What you need to do: Below is a listing; retype exactly the lines between the one containing "hotel-LeVeque-autograph-collection-columbus-wedding_0028-1.jpg" and the one containing "Honey and Cinnamon Nighttime Drink", inclusive, minus the pictures.

Study material:
---+---

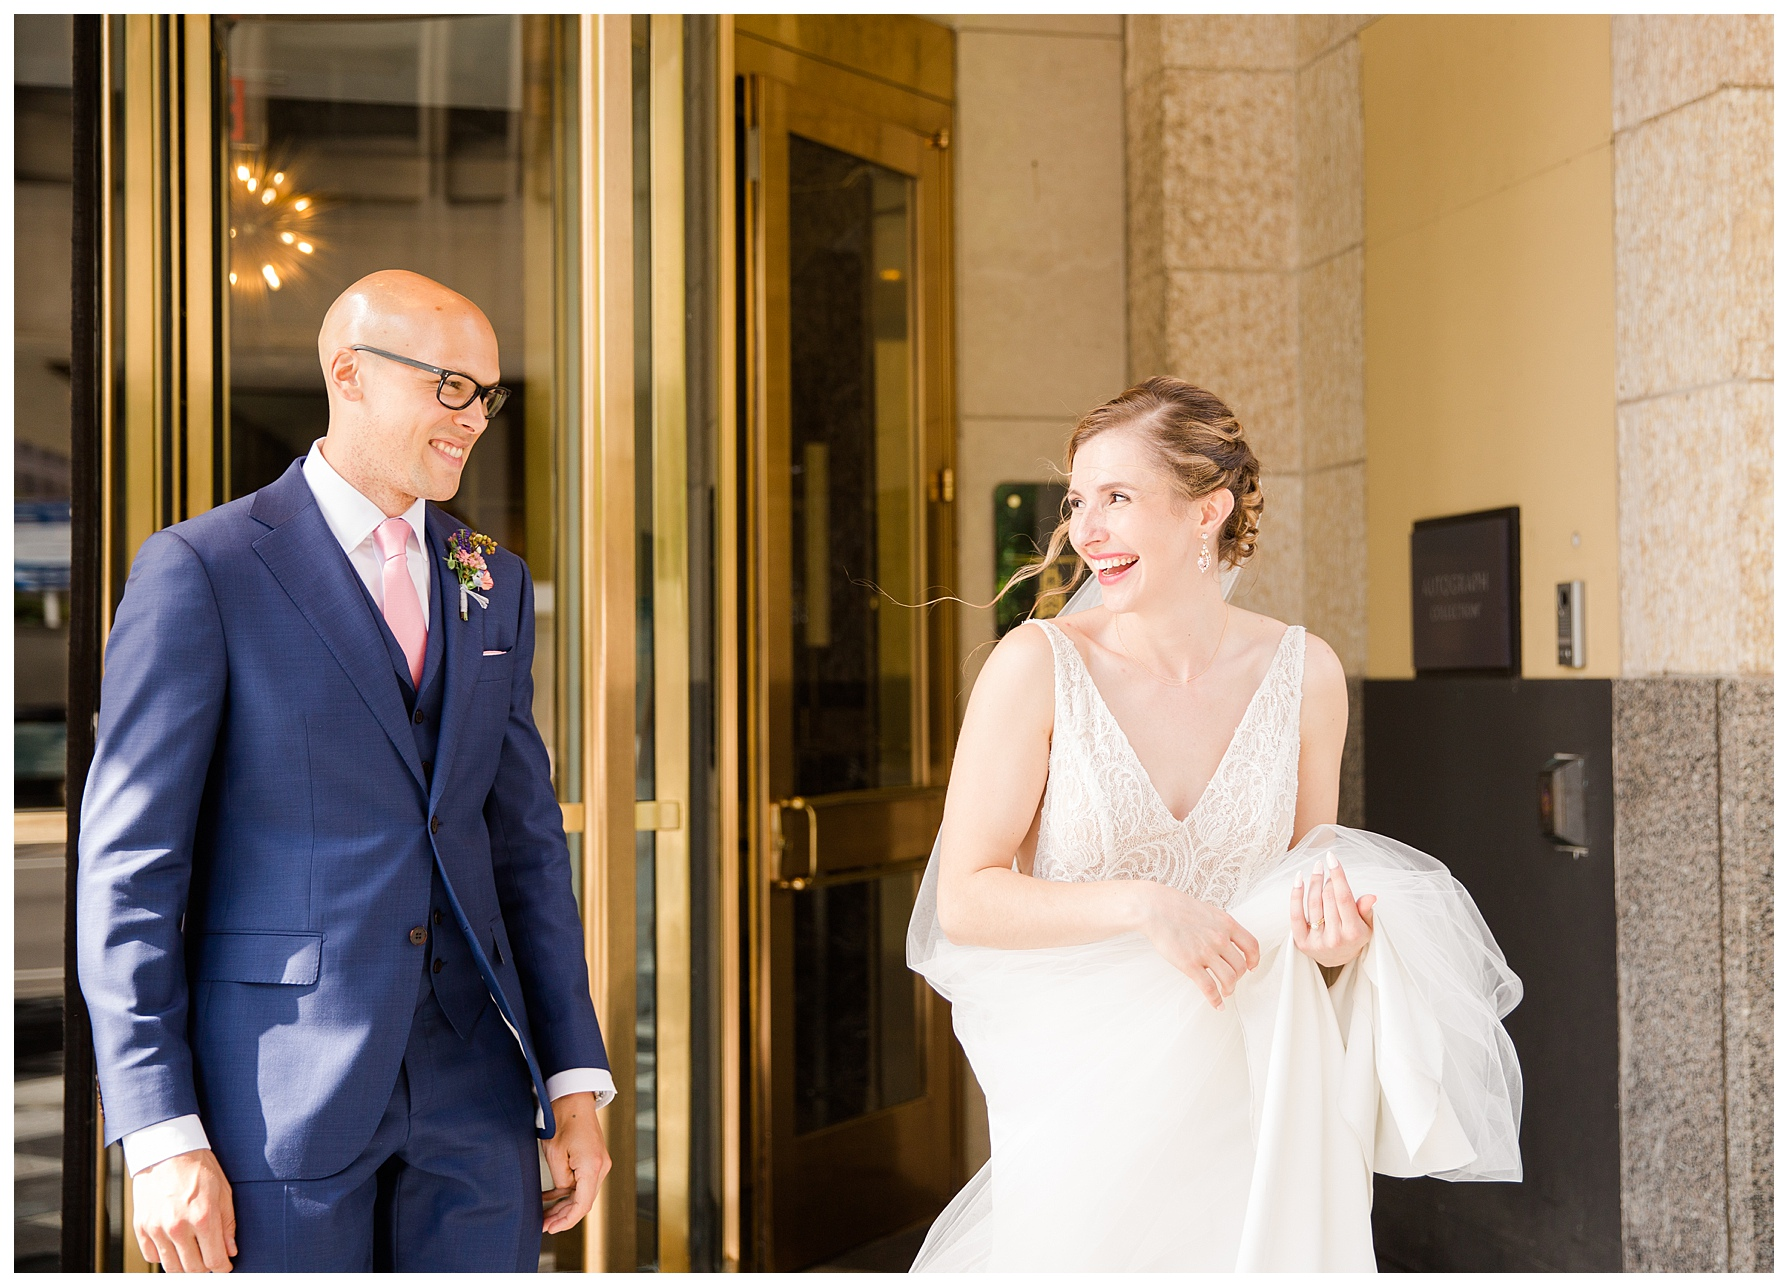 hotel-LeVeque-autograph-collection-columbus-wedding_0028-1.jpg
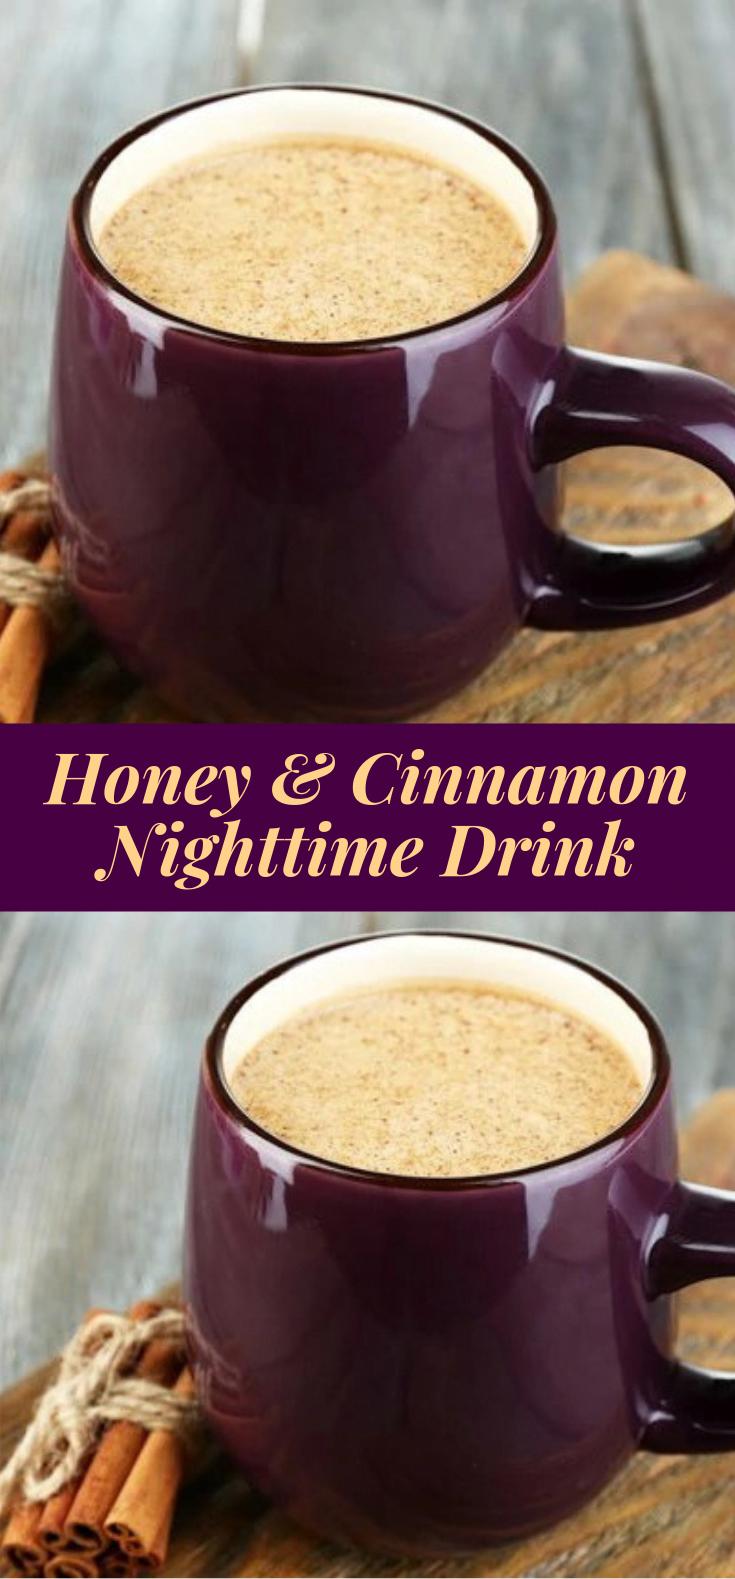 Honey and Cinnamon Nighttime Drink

---+---

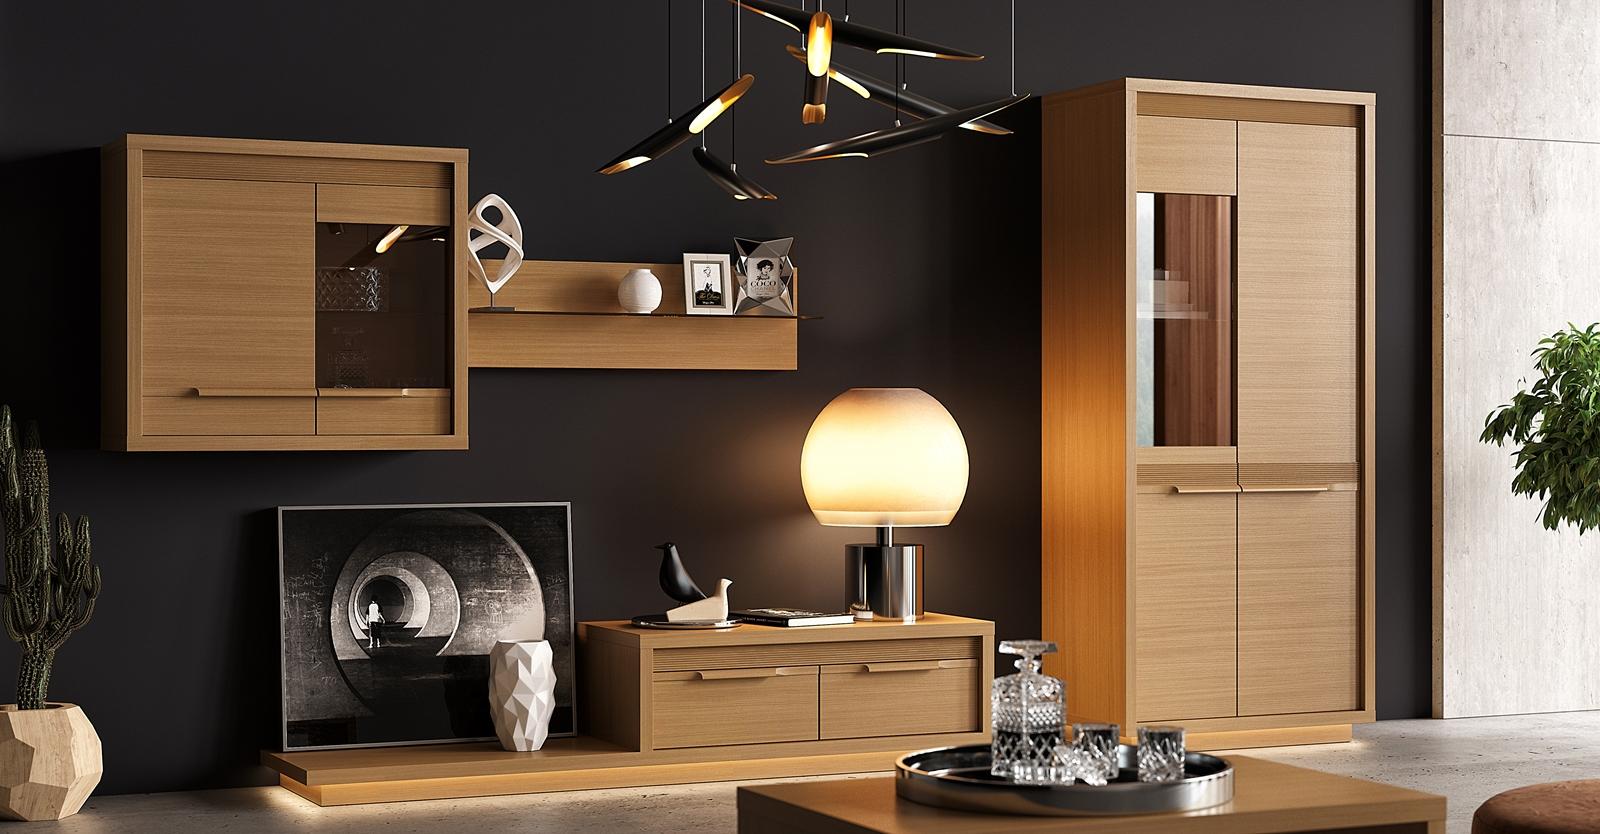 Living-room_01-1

---+---

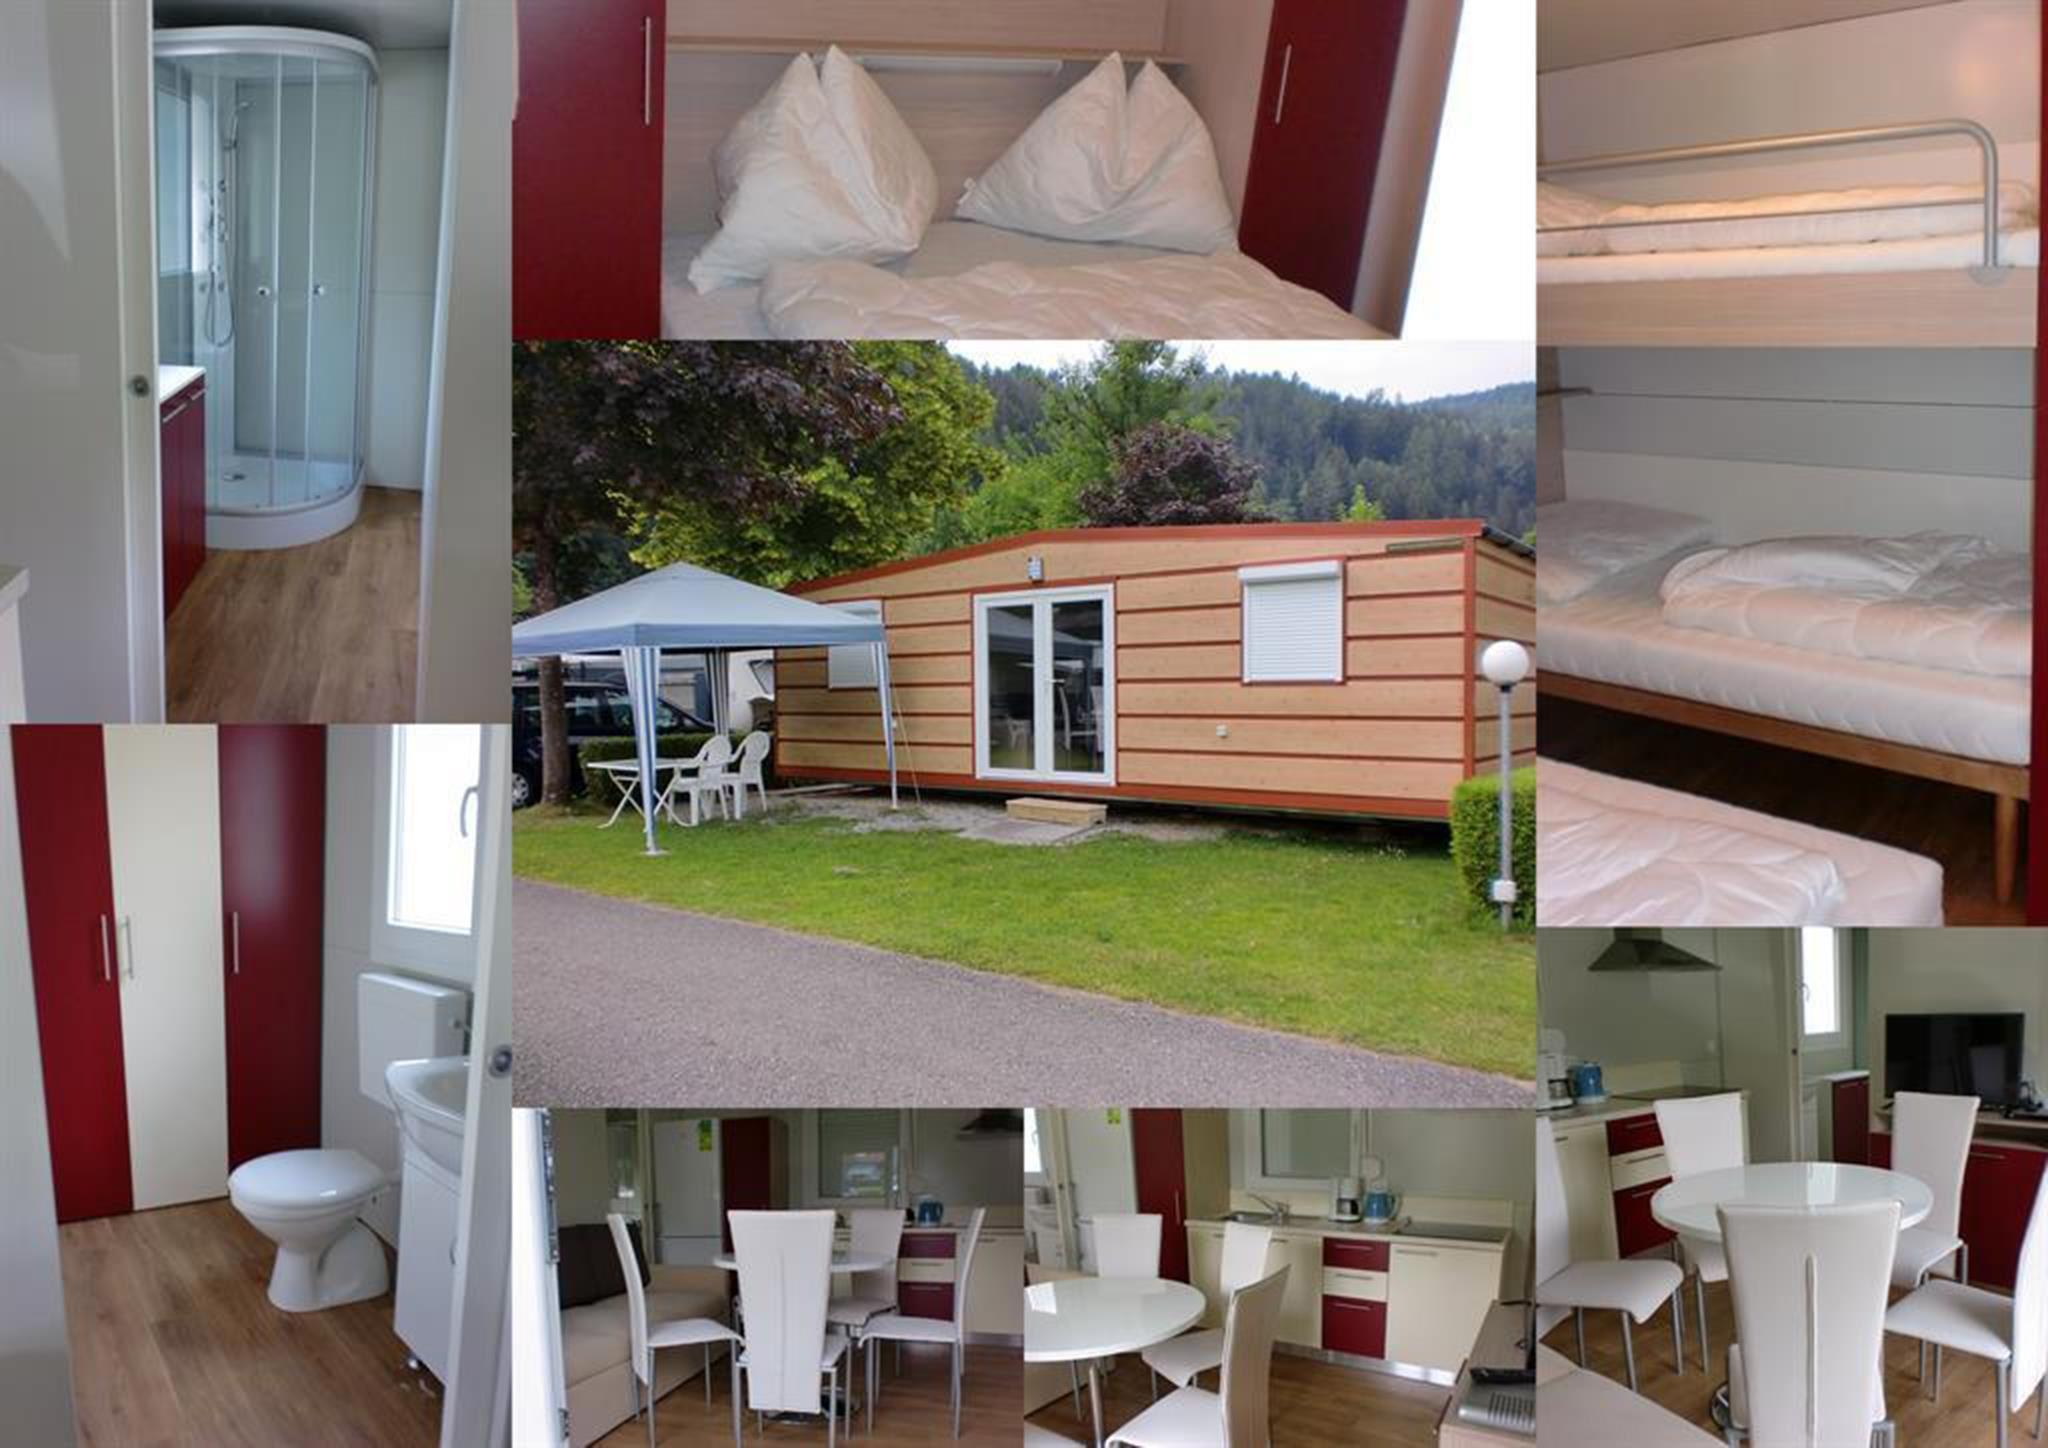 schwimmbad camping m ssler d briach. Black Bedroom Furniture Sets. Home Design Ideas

---+---

Answer below:
 hotel-LeVeque-autograph-collection-columbus-wedding_0028-1.jpg
 Honey and Cinnamon Nighttime Drink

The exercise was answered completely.